:: PROBLEM TO SOLVE ::
Could you restate word for word the lines running from the one with "Action Comics #732 (1997)" to the end of the data, both ends included, but without pictures?

:: DATA ::
# # # # #

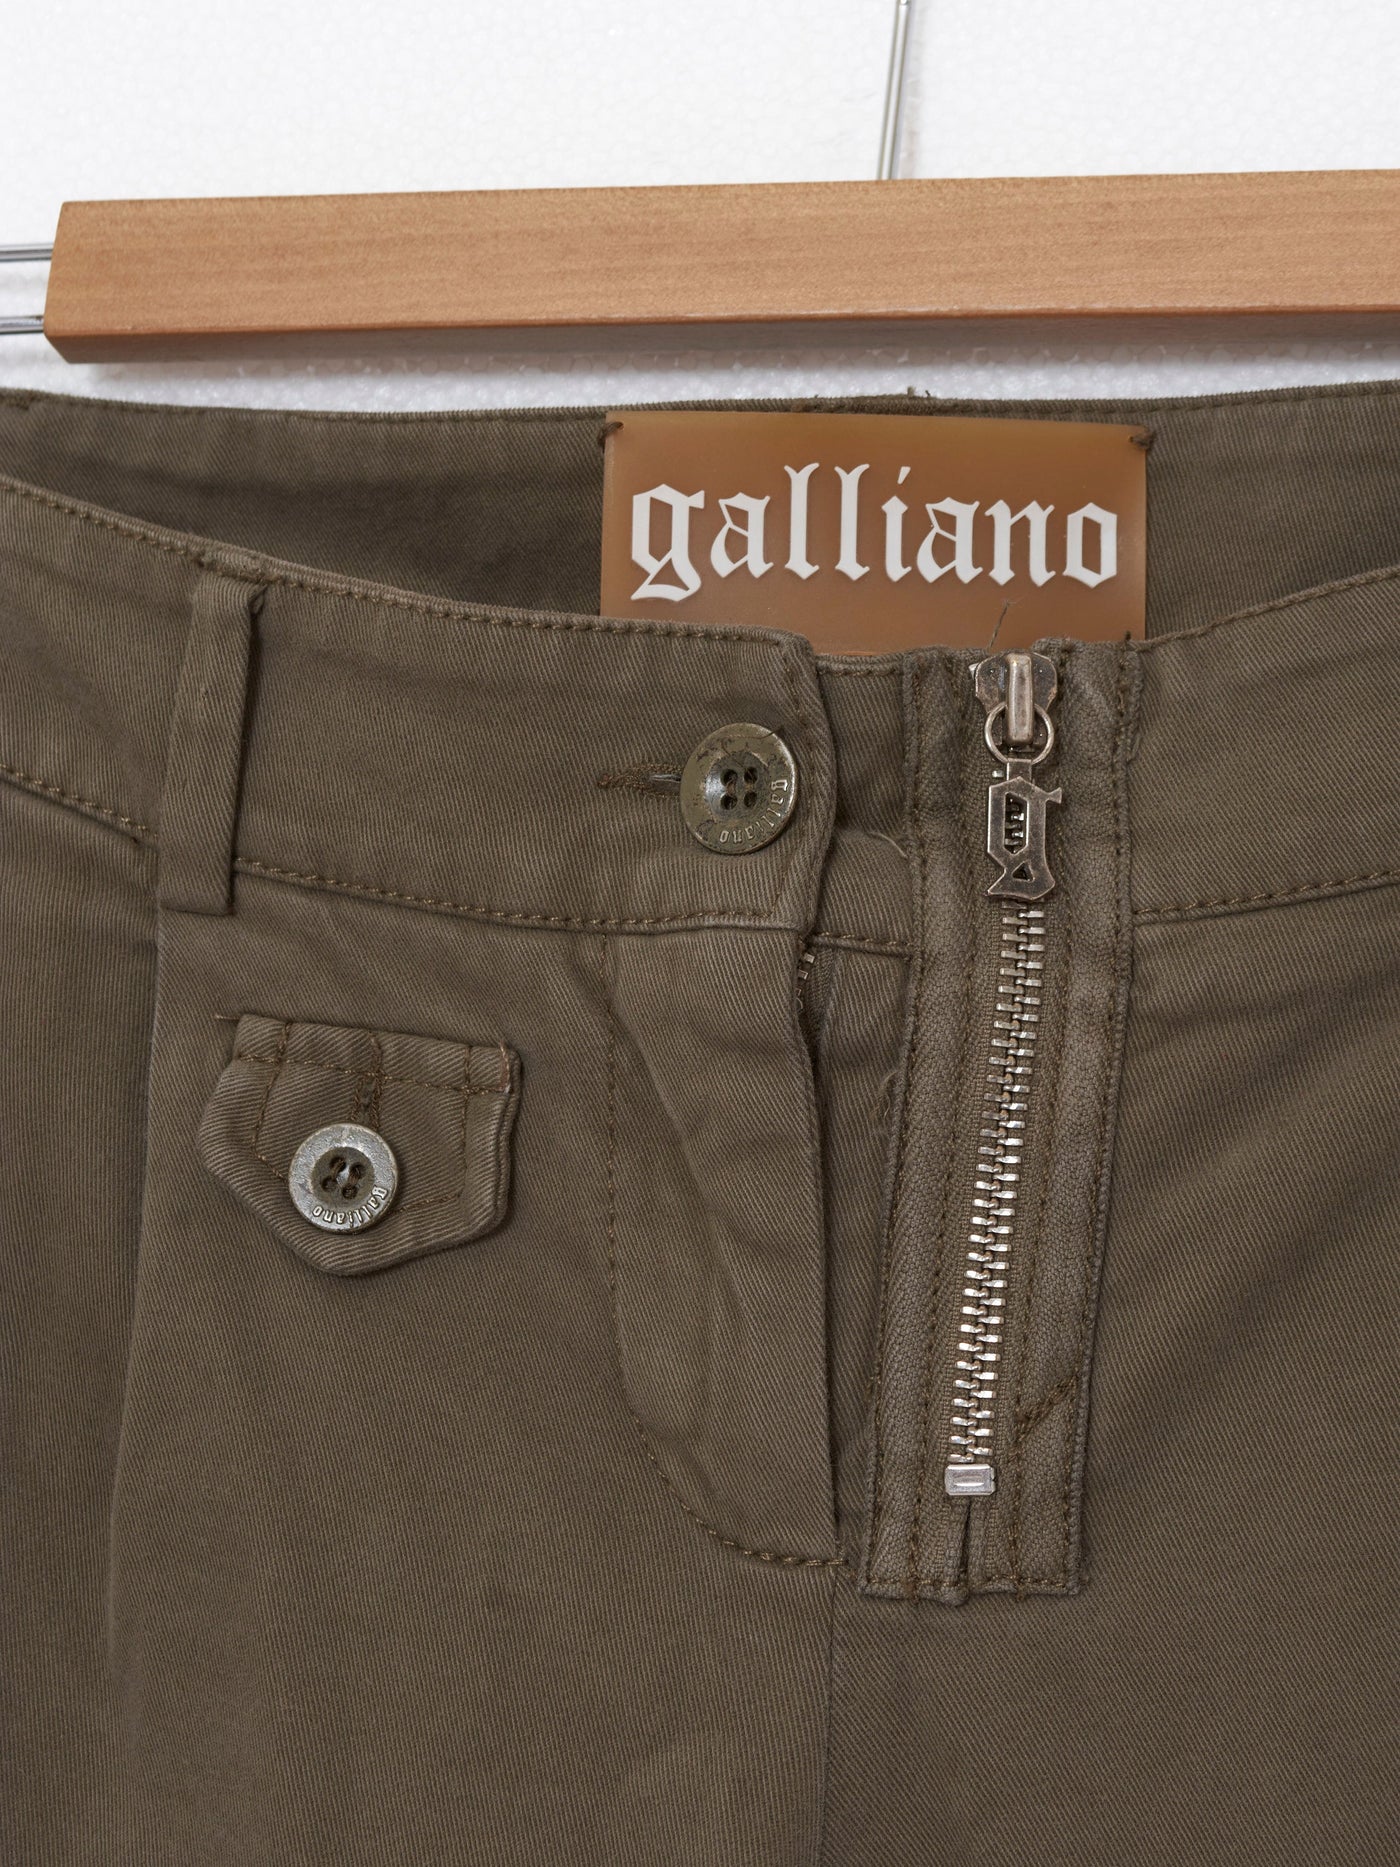 John Galliano pants in military green cotton
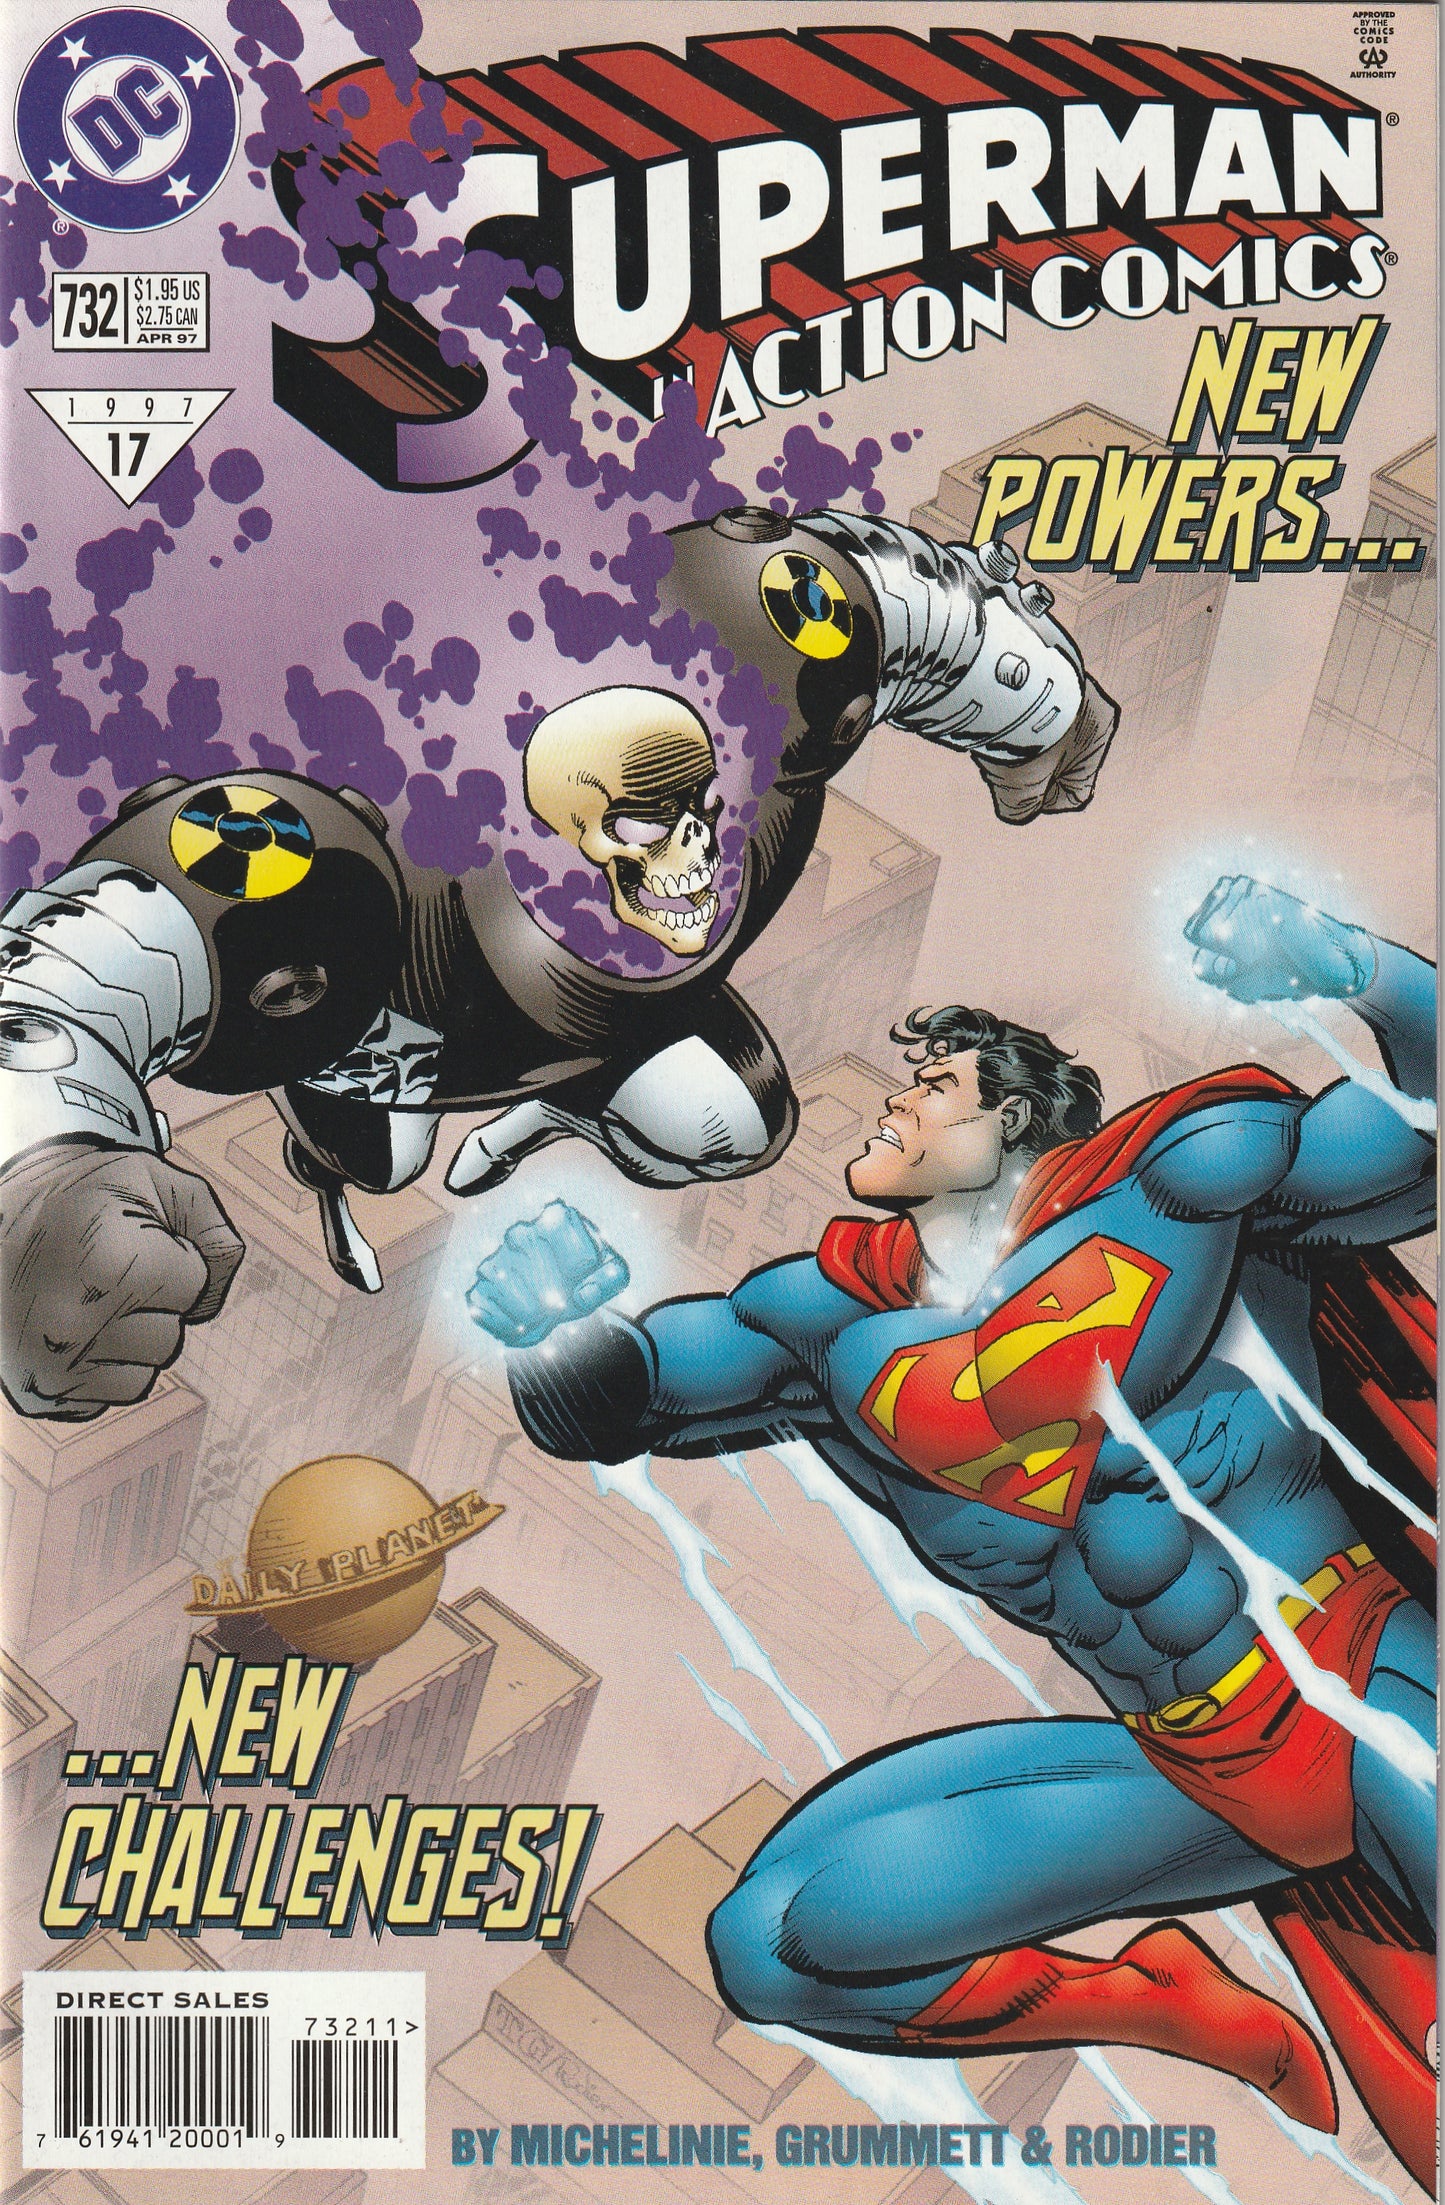 Action Comics #732 (1997)
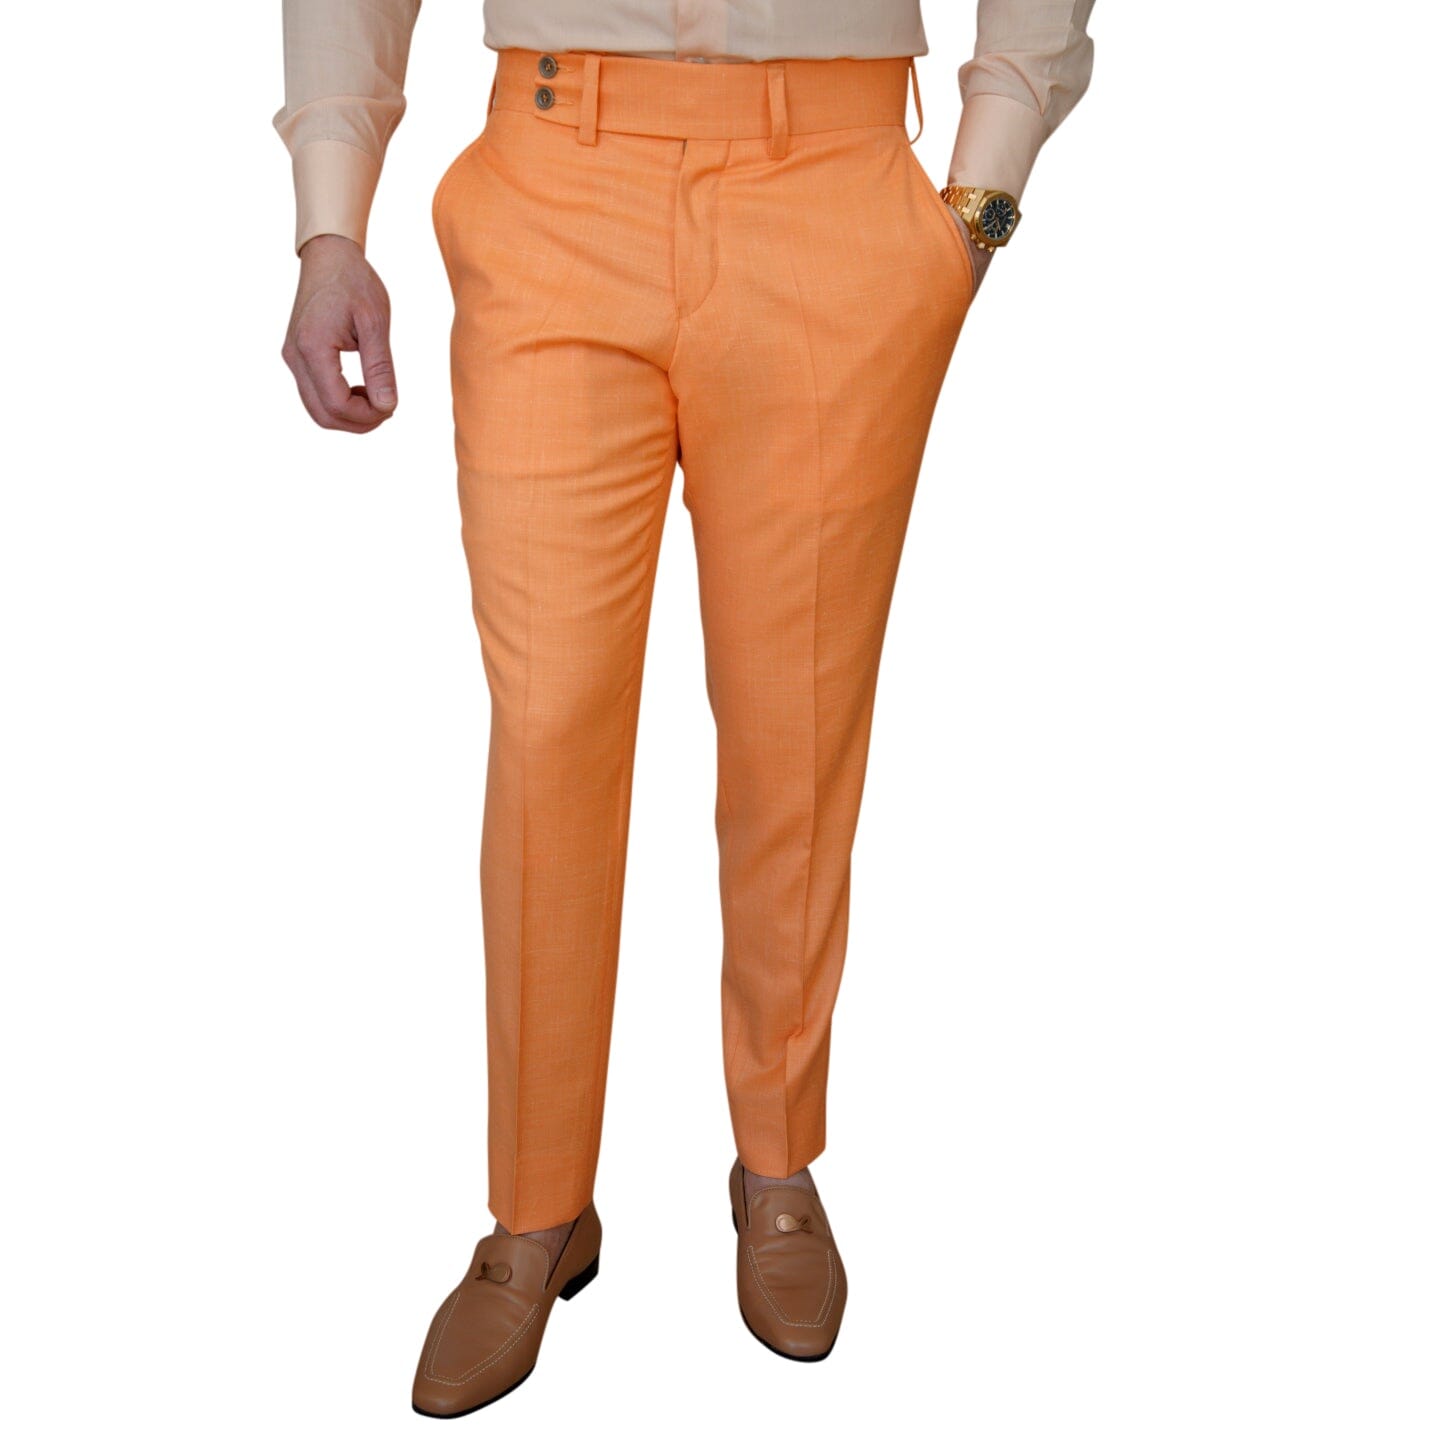 California Peach Hampton Trousers

# # # # #

:: SOLUTION FOR THIS TASK ::
 Action Comics #732 (1997)
 California Peach Hampton Trousers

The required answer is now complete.